Из воспоминаний Г.Ф. Мошкарева
Из воспоминаний Г.Ф. Мошкарева
Из воспоминаний Г. Ф. Мошкарева. Отец // Республика Алтай. Книга памяти жертв политических репрессий. Т. 3. – ГУ кн. изд-во «Юч-Сюмер-Белуха» Респ. Алтай, 2003. – С. 196-200: портр., ил.
ИЗ ВОСПОМИНАНИЙ Г.Ф.МОШКАРЕВА
После ареста нашего отца, Мошкарева Федора Степановича, нас в семье было пятеро мальчишек: Николай, 12 лет, я (Григорий) 7 лет, Михаил, 5 лет, Павел, 3 года и Виктор, 1 месяц. Старшая сестра, Василиса, 1917 г. рождения, жила своей семьей.
Теперь в живых остались только мы с Михаилом.
Писать об отце, основываясь только на нашей детской памяти нельзя. Это было бы необъективно и ничтожно мало.
Но росли и жили мы среди тех людей, которые знали нашу семью. Нередко были и такие случаи: мы выросли, стали неузнаваемы, но назовешь фамилию и видишь, как засияли глаза собеседника, добром вспоминающего наших родителей.
После таких встреч возрастает чувство глубокого уважения к отцу и матери, невольно возникают вопросы и к самому себе: а жизнь и дела твои достойны ли этой светлой памяти? Мысленно прокручиваются кадры жизни, и за какие-то из них получаешь безжалостные упреки собственной совести.
Невыносимо трудна доля осужденного безвинно отца, но намного ли легче она оказалась для матери, которой пришлось тянуть семейный воз за двоих. Поэтому мы пишем об отце и матери. Иначе нельзя.

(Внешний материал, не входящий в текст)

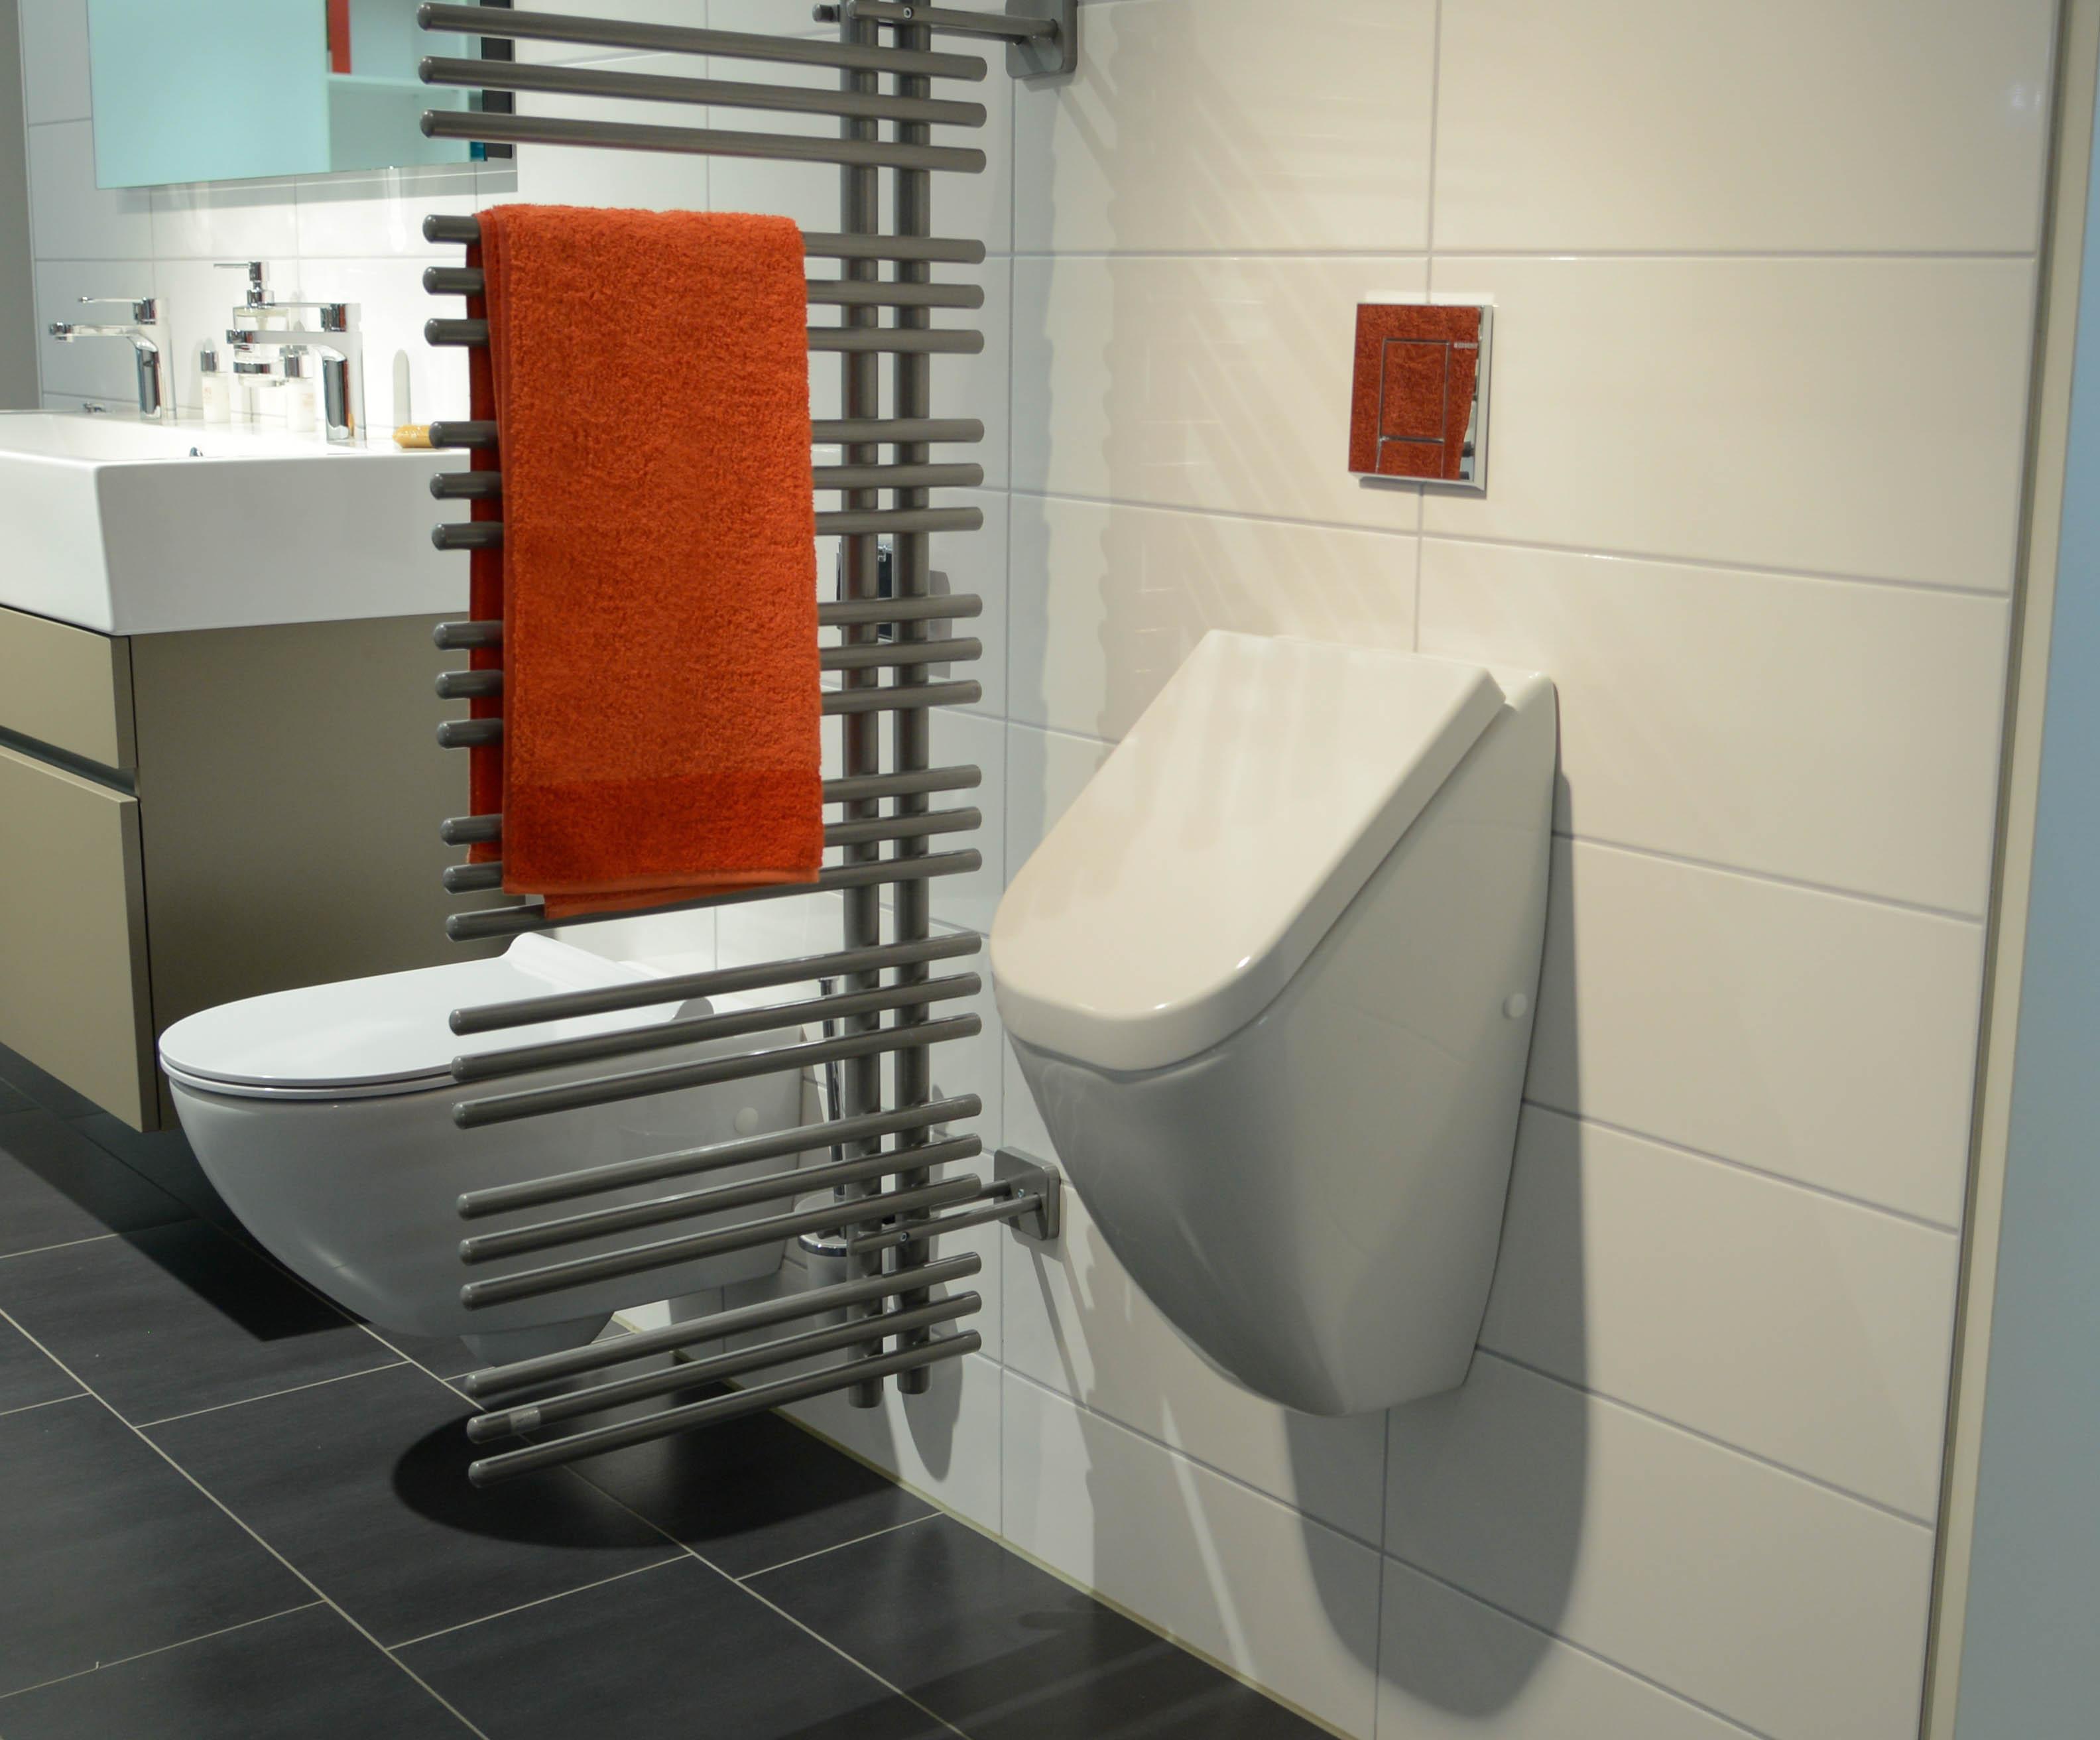 leyendecker heizung sanit r solar tankschutz. Black Bedroom Furniture Sets. Home Design Ideas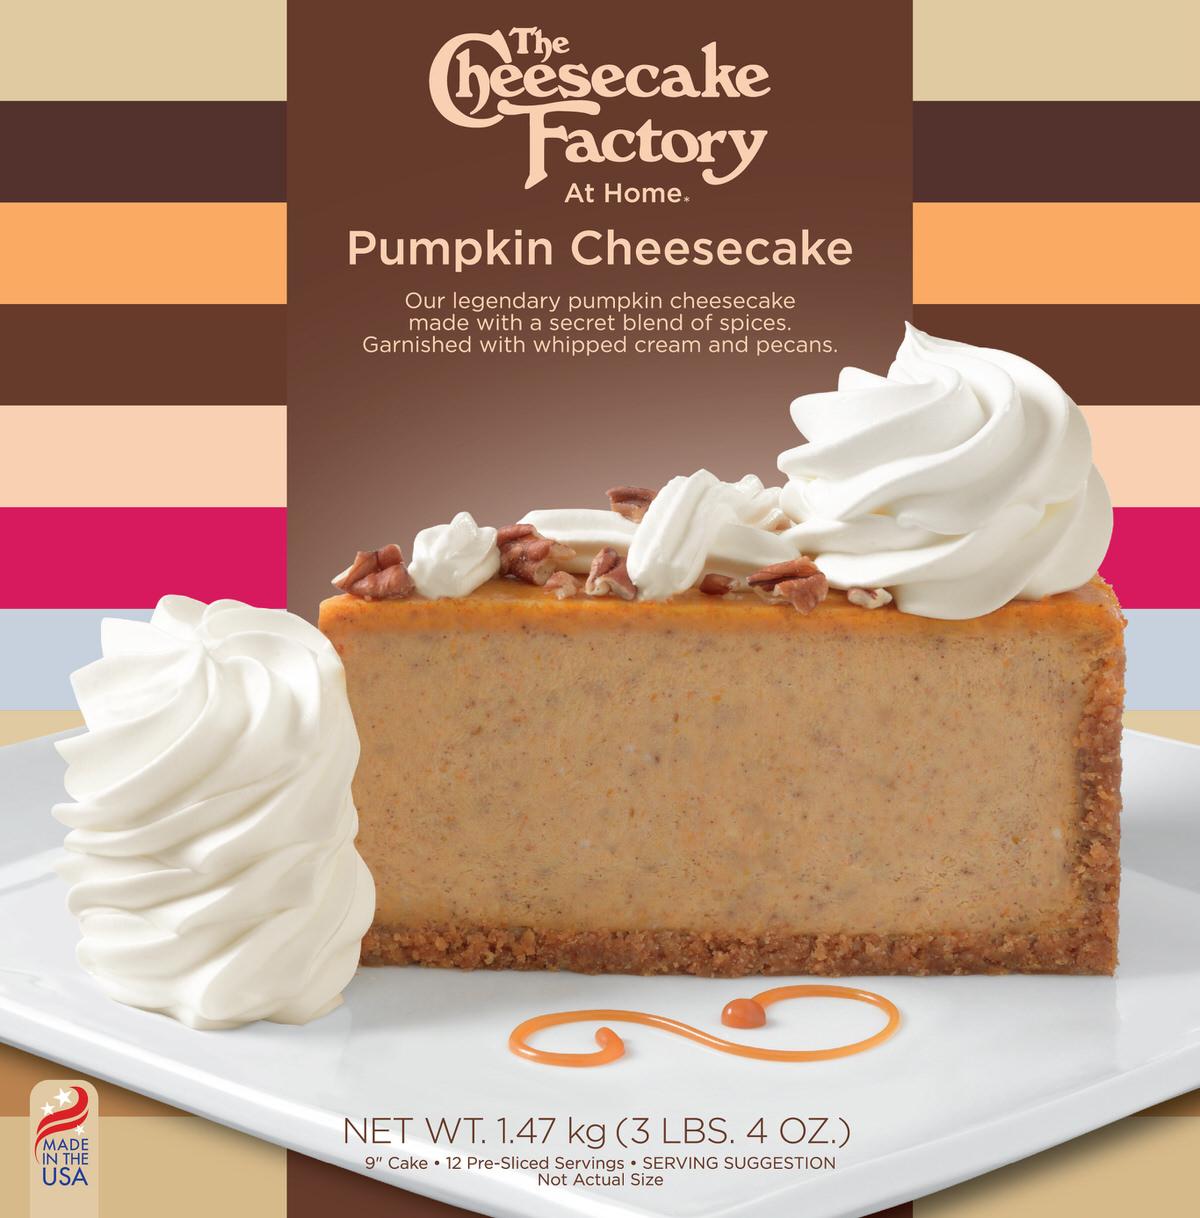 9 inch Pumpkin Cheesecake

Уважаемые потомки! Родители наши — простые советские люди, сельские труженики, каких миллионы. Но именно от таких людей, от их честности, порядочности, трудолюбия, социальной активности, патриотизма, во многом зависело положение в стране на стыке XIX и XX веков, колоссальный рывок СССР во всех сферах деятельности. И мы, дети своих родителей, считаем, что, несмотря на драматическое положение нашей семьи, отец и мать могли бы гордиться причастностью к тем великим свершениям.
И если в предлагаемом материале вы заметите какие-то элементы гордости, то не судите строго: мы с детства хоть сколько-то хотели быть похожими на них.
ОТЕЦ
Ноябрь 1937 года. Вечером вошли двое в шинелях и с шашками на боку. Предъявили документы, попросили всех к отцу не подходить. Обыскали все в доме и приказали ему собираться.
Мать, напуганная, заревела голосом, и мы, ребятишки, не понимая происходящего, тоже заплакали.
Остановившись у порога, отец сказал: «Не плачь, Валя, меня садить не за что. Разберутся».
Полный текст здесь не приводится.